Uno dei momenti più belli sul palco e uno dei più tristi
“Tra i più belli aver salutato i Beach Boys al Forum di Assago. Sicuramente una grande emozione quando ho cantato Frank Sinatra con Gianni Ephrikian e gli Orchestrali a Treviso un po’ di anni fa. Stupenda e formativa l’esperienza fatta in Australia, nei pub e on the road. Le situazioni più difficili e dolorose quando mi chiamano a cantare al funerale degli amici”.

Cosa consiglierebbe a un giovane che vuole fare musica?
“Direi prima di tutto di conoscere la musica, ascoltare tutto, anche le cose che non ti propone la massa.
Siamo il risultato delle nostre esperienze, più ne abbiamo e più abbiamo ingredienti da mettere in pentola.
I ragazzi tendono a uniformarsi. Li capisco ma è un limite. Fai della musica il tuo lavoro, a discapito anche di sicurezze, ma prima conosci.
Oggi certe canzoni hanno testi volgari, irritanti, sicuramente indicano uno stato di malessere, una protesta. Usare la musica per mandare dei messaggi è sempre stato fatto dai giovani. Il testo è messaggio su basi musicali che andrebbe analizzato bene, molto bene, e su di esso riflettere”.

Nelle sue serate cerca di dare dei messaggi?
“Più che messaggio cerco di dare e lasciare un’emozione, mi impegno perché questa arrivi. Vorrei che la gente riuscisse a passare il suo tempo nel migliore dei modi, con positività, coraggio e gratitudine in tutte le situazioni”.
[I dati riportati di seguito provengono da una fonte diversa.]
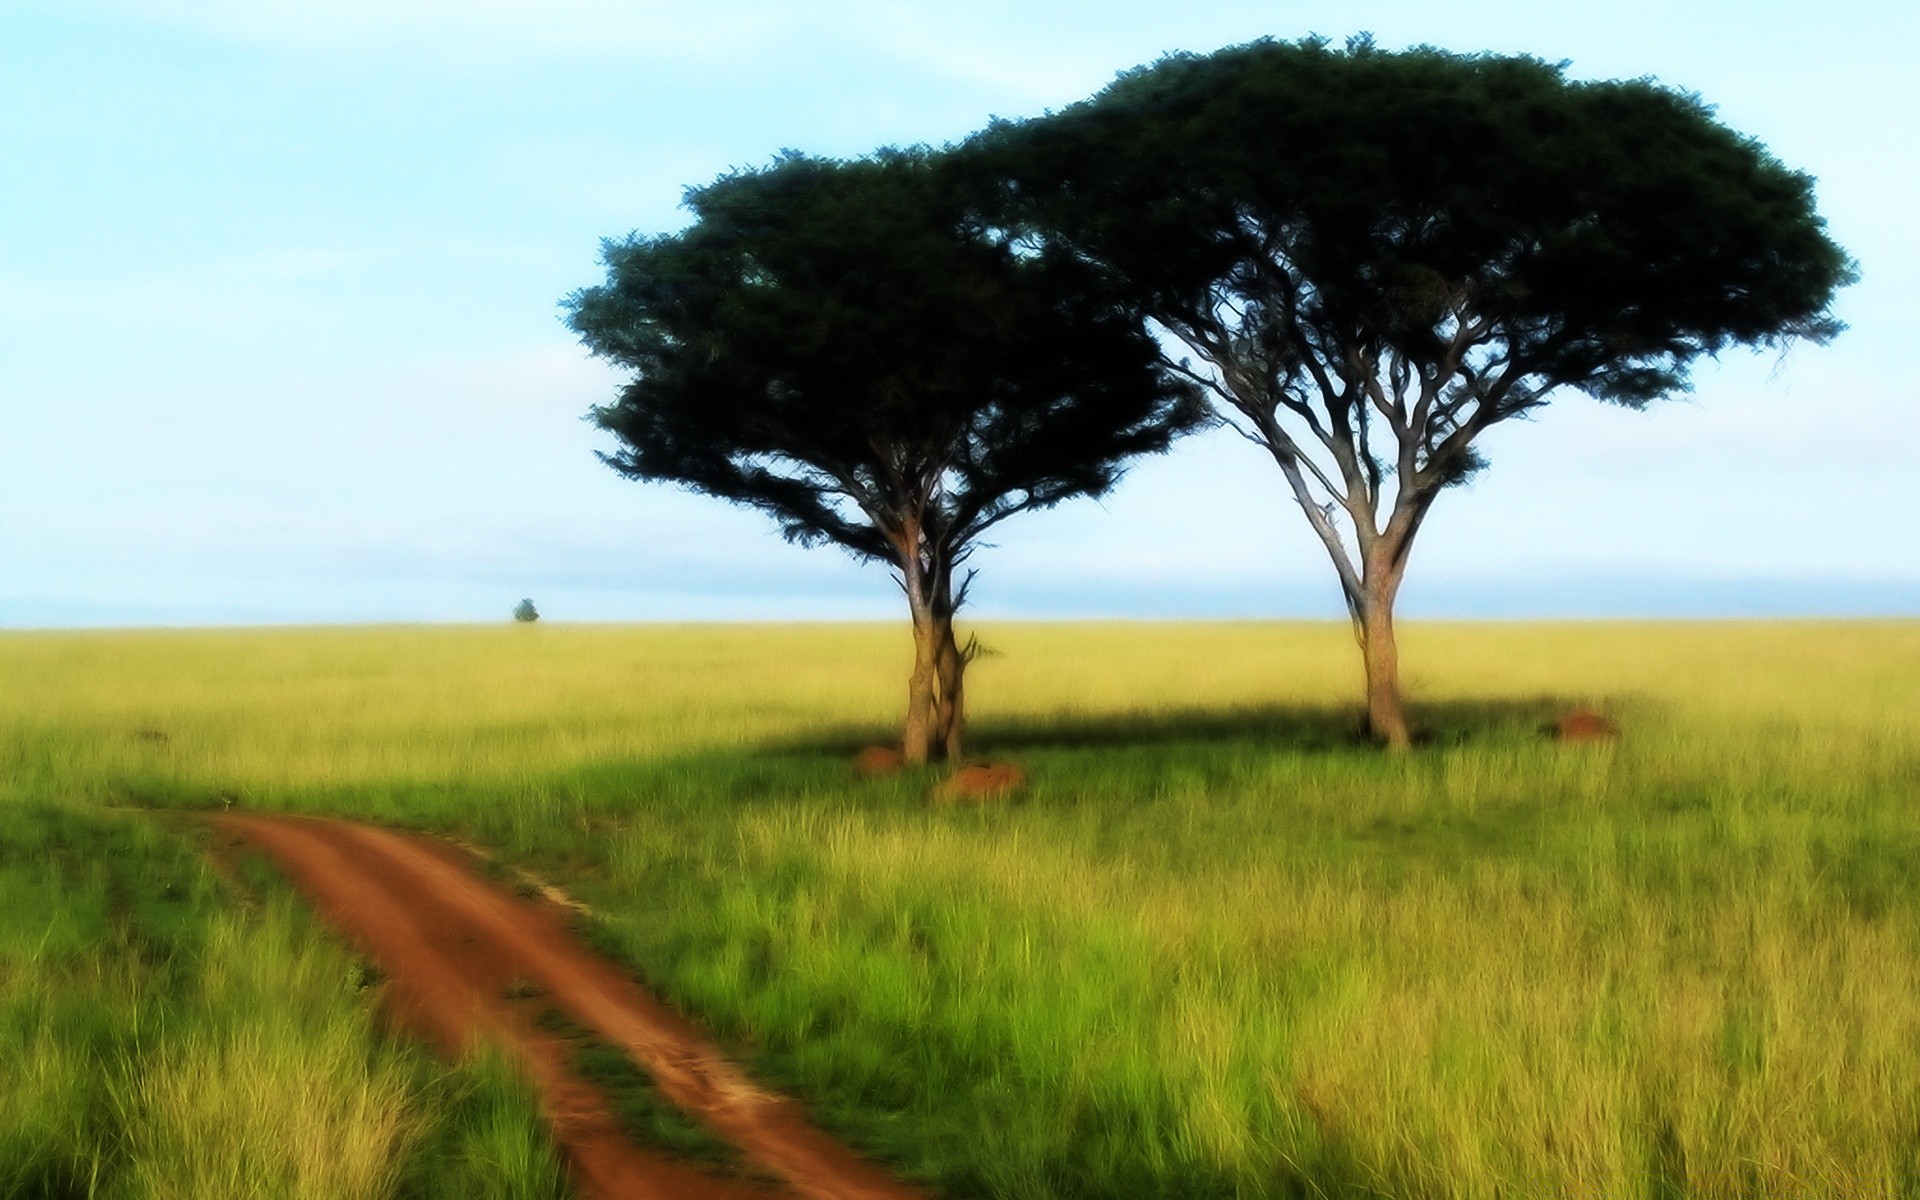 креатив пейзаж дерево трава природа поле на открытом воздухе возделываемые земли сельской местности небо сельских сенокос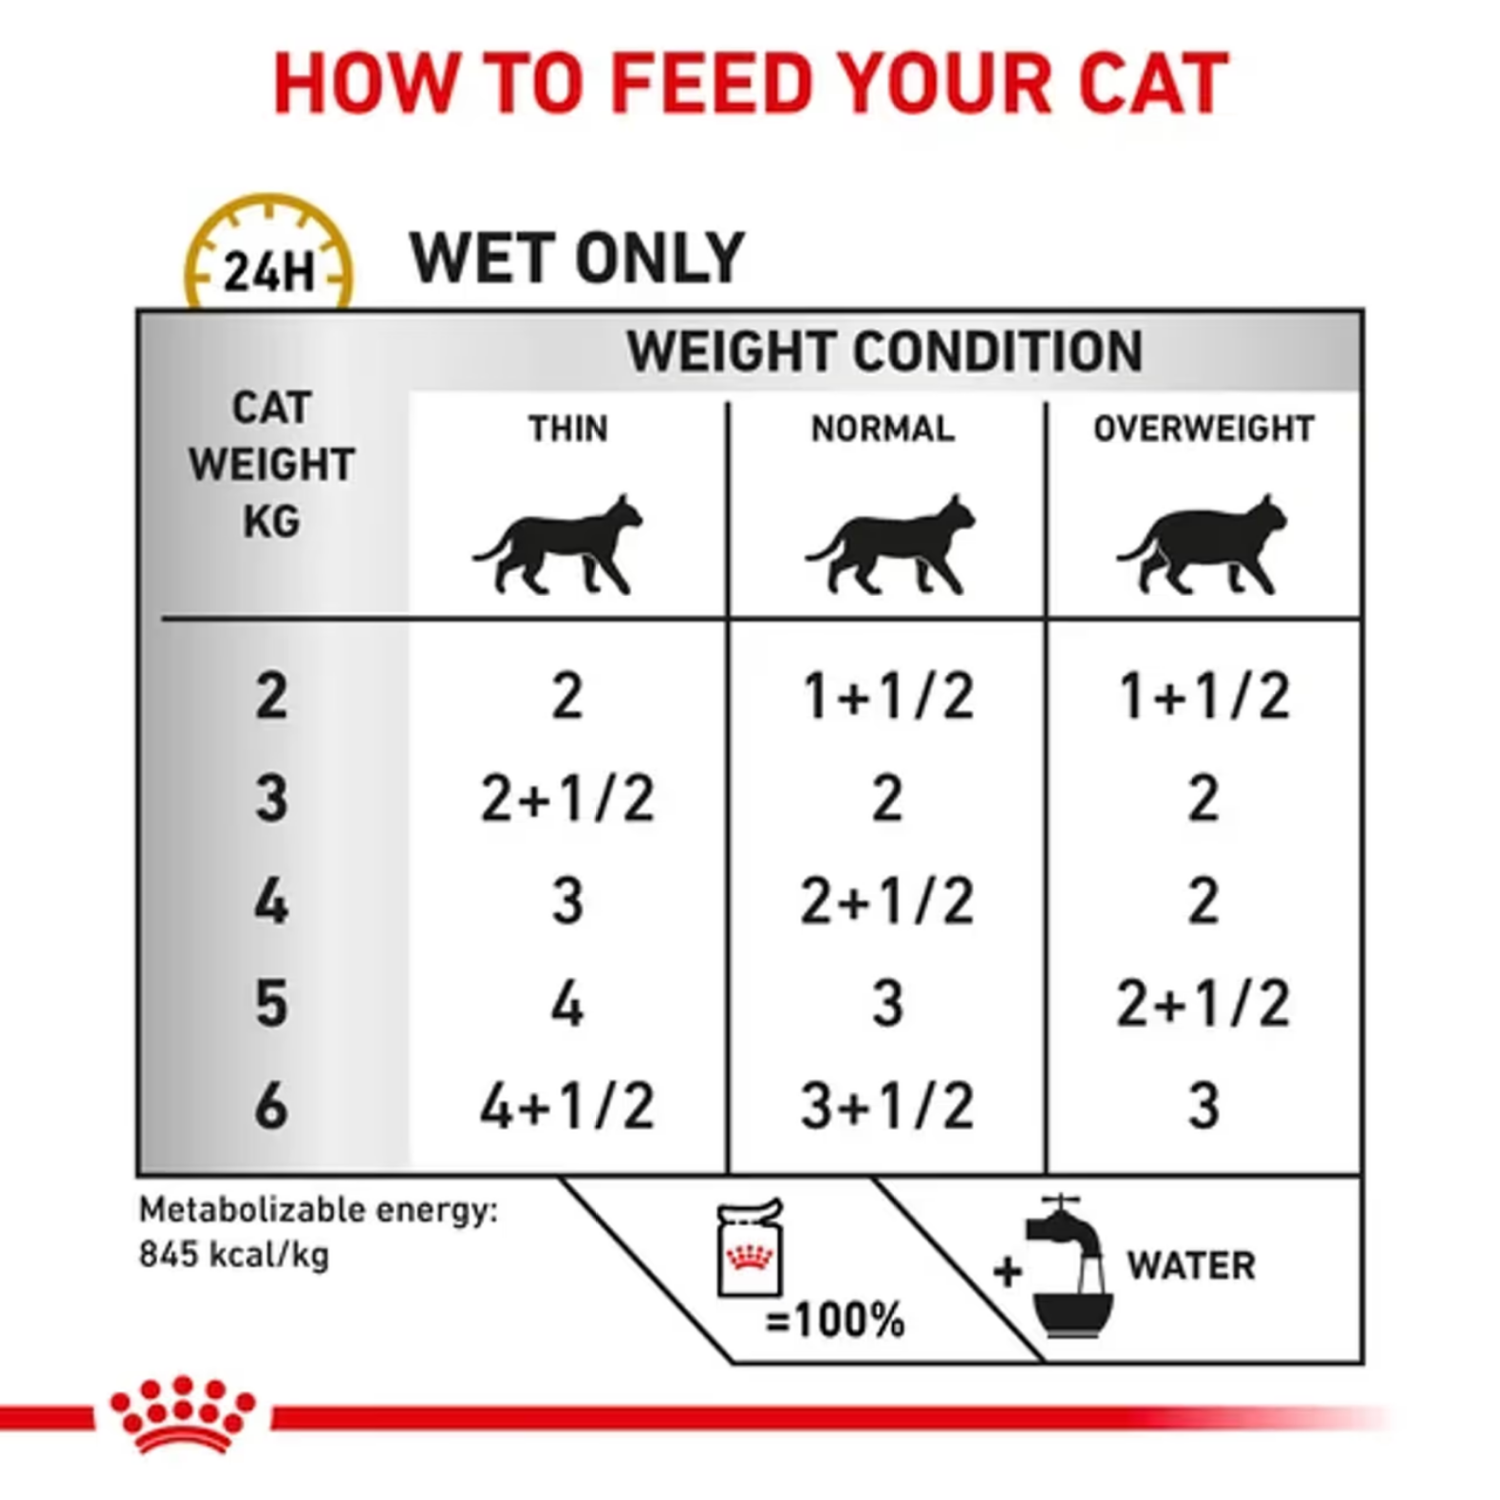 Pate Thức Ăn Ướt Cho Mèo Bị Sỏi Thận Royal Canin Urinary S/O Wet Gói 85g

Il 31 agosto Bitols ha festeggiato i 60 anni, con un grande appuntamento che ha riunito 600 amici, con un Concerto nel parco del Nomad Hostel di Treviso.

AMICI MUSICISTI HANNO FESTEGGIATO I 60 ANNI DI “BITOLS”

Un ricordo particolare a Paolo Zucchello detto Formajo, mancato a maggio, grande amico di Bitols col quale ha girato il mondo.

Sul palco una trentina di musicisti per far ballare giovani e meno giovani, almeno tre generazioni, a testimoniare che Bitols piace, sa fare breccia nei cuori e regala emozioni oltre le mode.